Presentati all’ASCO 2023, e pubblicati dal New England Journal of Medicine, i risultati dello studio KEYNOTE-671, che ha valutato l’aggiunta del pembolizumab perioperatorio alla chemioterapia neoadiuvante per i pazienti con NSCLC resecabile. I risultati allungano la lista dei dati a sostegno dell’impiego dell’immunoterapia negli stadi precoci, anche se i dati di sopravvivenza globale non sono ancora maturi.
Heather Wakelee, M.D., Moishe Liberman, M.D., Ph.D., Terufumi Kato, M.D., Masahiro Tsuboi, M.D., Ph.D., Se-Hoon Lee, M.D., Ph.D., Shugeng Gao, M.D., Ke-Neng Chen, M.D., Ph.D., Christophe Dooms, M.D., Ph.D., Margarita Majem, M.D., Ph.D., Ekkehard Eigendorff, M.D., Gastón L. Martinengo, M.D., Olivier Bylicki, M.D., et al., for the KEYNOTE-671 Investigators. Perioperative Pembrolizumab for Early-Stage Non–Small-Cell Lung Cancer. New Engl J Med, June 3 2023
Da vari anni, per i pazienti affetti da tumore del polmone non a piccole cellule (non-small cell lung cancer, NSCLC) in stadio localizzato alla diagnosi, il trattamento neoadiuvante con l’impiego di chemioterapia a base di platino ha dimostrato efficacia, risultando associato a un beneficio in termini di sopravvivenza globale sostanzialmente simile in termini assoluti al vantaggio dimostrato dalla chemioterapia post-operatoria (pari a circa il 5% di incremento assoluto della sopravvivenza globale a 5 anni). Peraltro, è un dato di fatto che nella pratica clinica la strategia della somministrazione del trattamento sistemico prima dell’intervento non ha mai conquistato un ruolo preminente.

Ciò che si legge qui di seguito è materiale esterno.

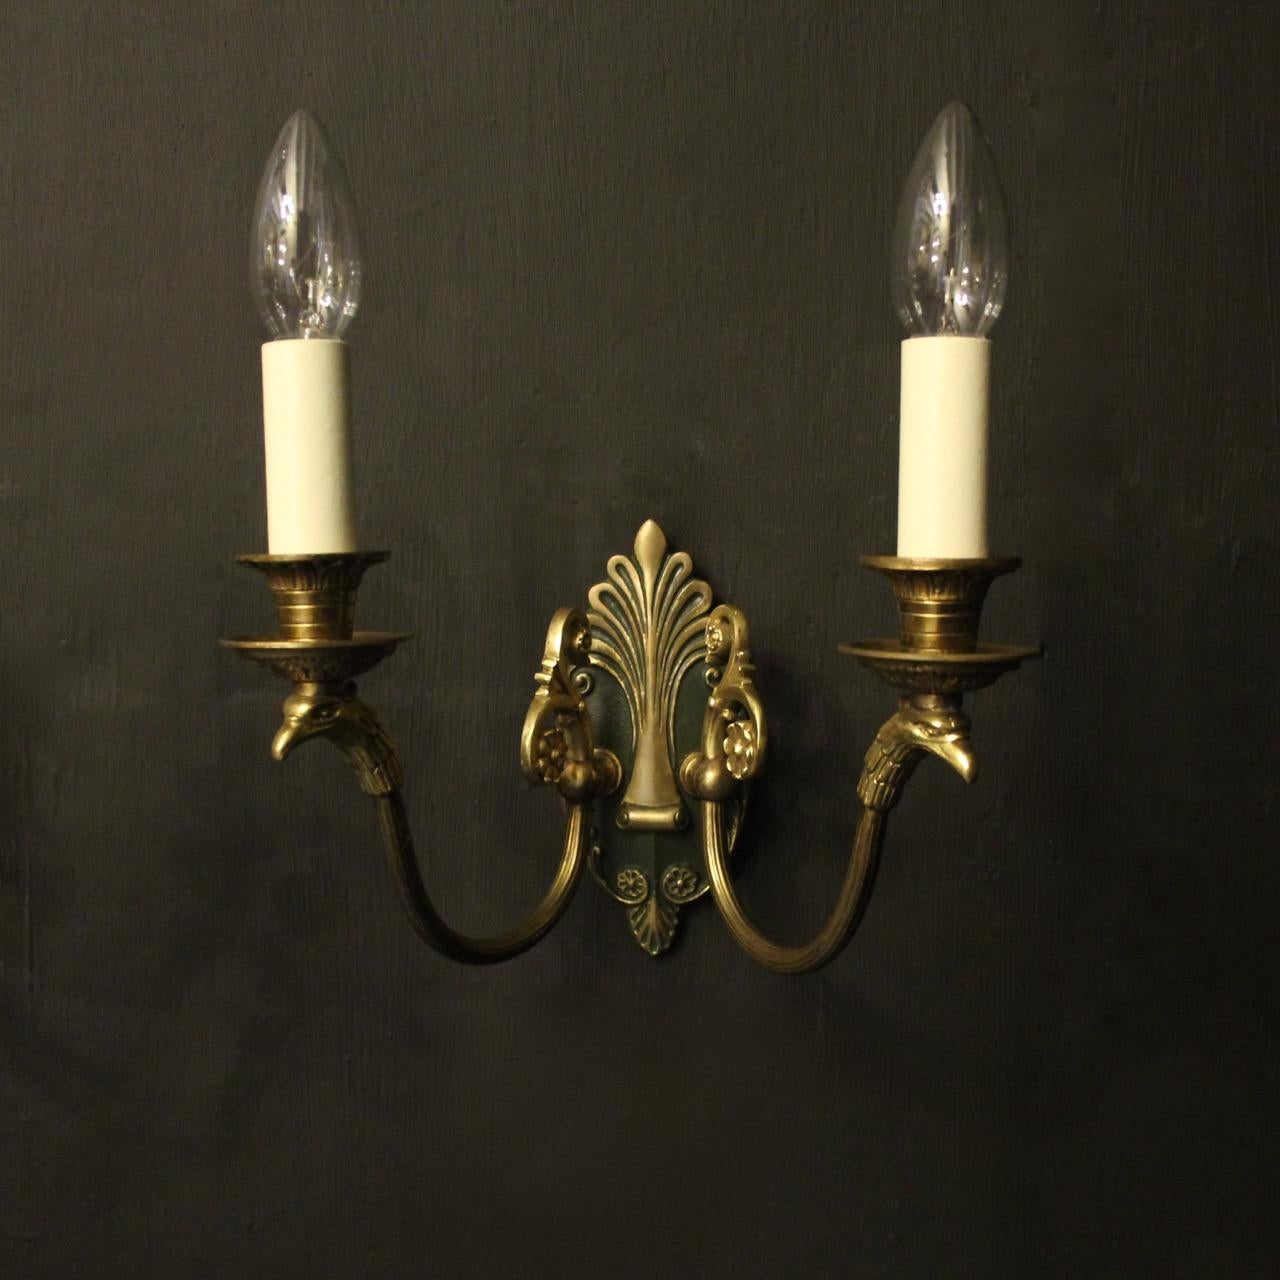 A French pair of Empire gilded bronze twin arm antique wall lights, the eagle headed reeded scrolling arms with circular bobeche drip pans and etched candle sconces, issuing from a central decorative dark green enameled backplate with Anthemion

Negli ultimi anni, numerosi studi hanno testato l’efficacia dell’immunoterapia nel medesimo setting, sulla scia dei risultati ottenuti nella malattia avanzata.
Qualche mese fa, abbiamo commentato su Oncotwitting i risultati di una revisione sistematica e metanalisi pubblicata sulle pagine di Cancer, condotta con l’obiettivo di descrivere la sicurezza e l’efficacia dell’impiego dell’immunoterapia neoadiuvante, confrontando l’efficacia della combinazione di chemio-immunoterapia rispetto alla chemioterapia da sola, e di esplorare i fattori predittivi della risposta patologica completa (https://www.oncotwitting.it/patologia-polmonare/l-immunoterapia-negli-stadi-precoci-del-tumore-del-polmone-quale-ruolo-per-la-terapia-neoadiuvante ). I risultati della metanalisi depongono in favore della sicurezza e dell’efficacia della immunoterapia neoadiuvante nel NSCLC resecabile, con un beneficio non solo in termini di risposte patologiche complete ma anche in termini di sopravvivenza libera da progressione e sopravvivenza globale.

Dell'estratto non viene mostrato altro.